The basic idea of a slice sampler is in terms of the density itself, but for various reasons (computational accuracy, primarily) it's usually more convenient to work with the log-density.
As long as you use do everything in such a way as to be completely consistent with doing it in terms of the density, there's no problem whatever working with the log density.
The description for the univariate case in wikipedia here says:
- Given a sample $x$ we choose $y$ uniformly at random from the interval $[0, f(x)]$;
- given $y$ we choose $x$ uniformly at random from the set $f^{-1}[y, +\infty)$.
- The sample of $x$ is obtained by ignoring the $y$ values.

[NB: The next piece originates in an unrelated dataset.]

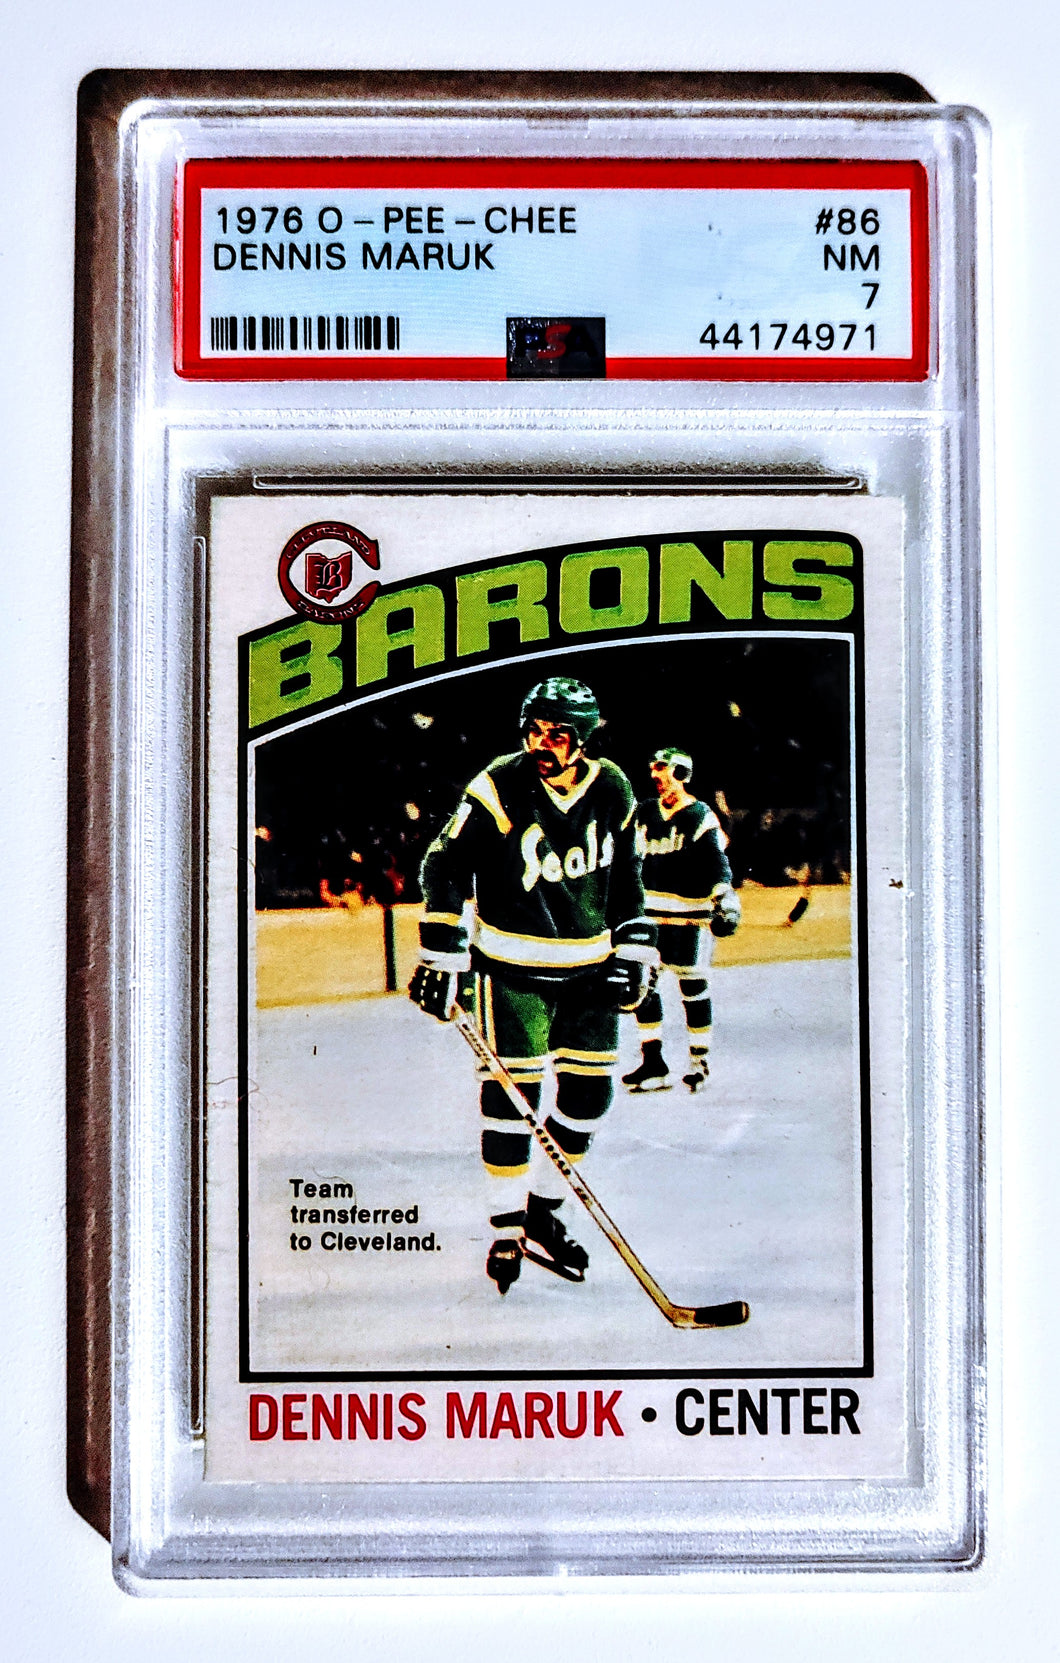 1976 O-Pee-Chee NHL Hockey Card; Dennis Maruk, Cleveland Barons, Card # 86; Near Mint (NM), Graded PSA 7

That first step can for example be replaced by sampling from a negative exponential distribution in $-\log y$ where the lower bound of the exponential is at $-\log(f(x))$; the rest of the algorithm (with the obvious change to accommodate the fact that we have a log scale $y$) proceeds much as before. The result is exactly as if we had accurately sampled according to the original algorithm, which is cast in terms of sampling uniformly under the density itself at $x$ ... but in practice the calculation on the log-scale does that job "better"- with less accuracy loss.
Neal explains the motivation for this quite clearly in the Annals paper you included a reference for (p712):
In practice, it is often safer to compute
$g(x)=\log(f(x))$ rather than $f(x)$ itself, in order to avoid possible problems with floating-point underflow. One can
then use the auxiliary variable
$z=\log(y)=g(x_0)−e$, where
$e$ is exponentially distributed with mean one, and define the slice by $S={x:z<g(x)}$.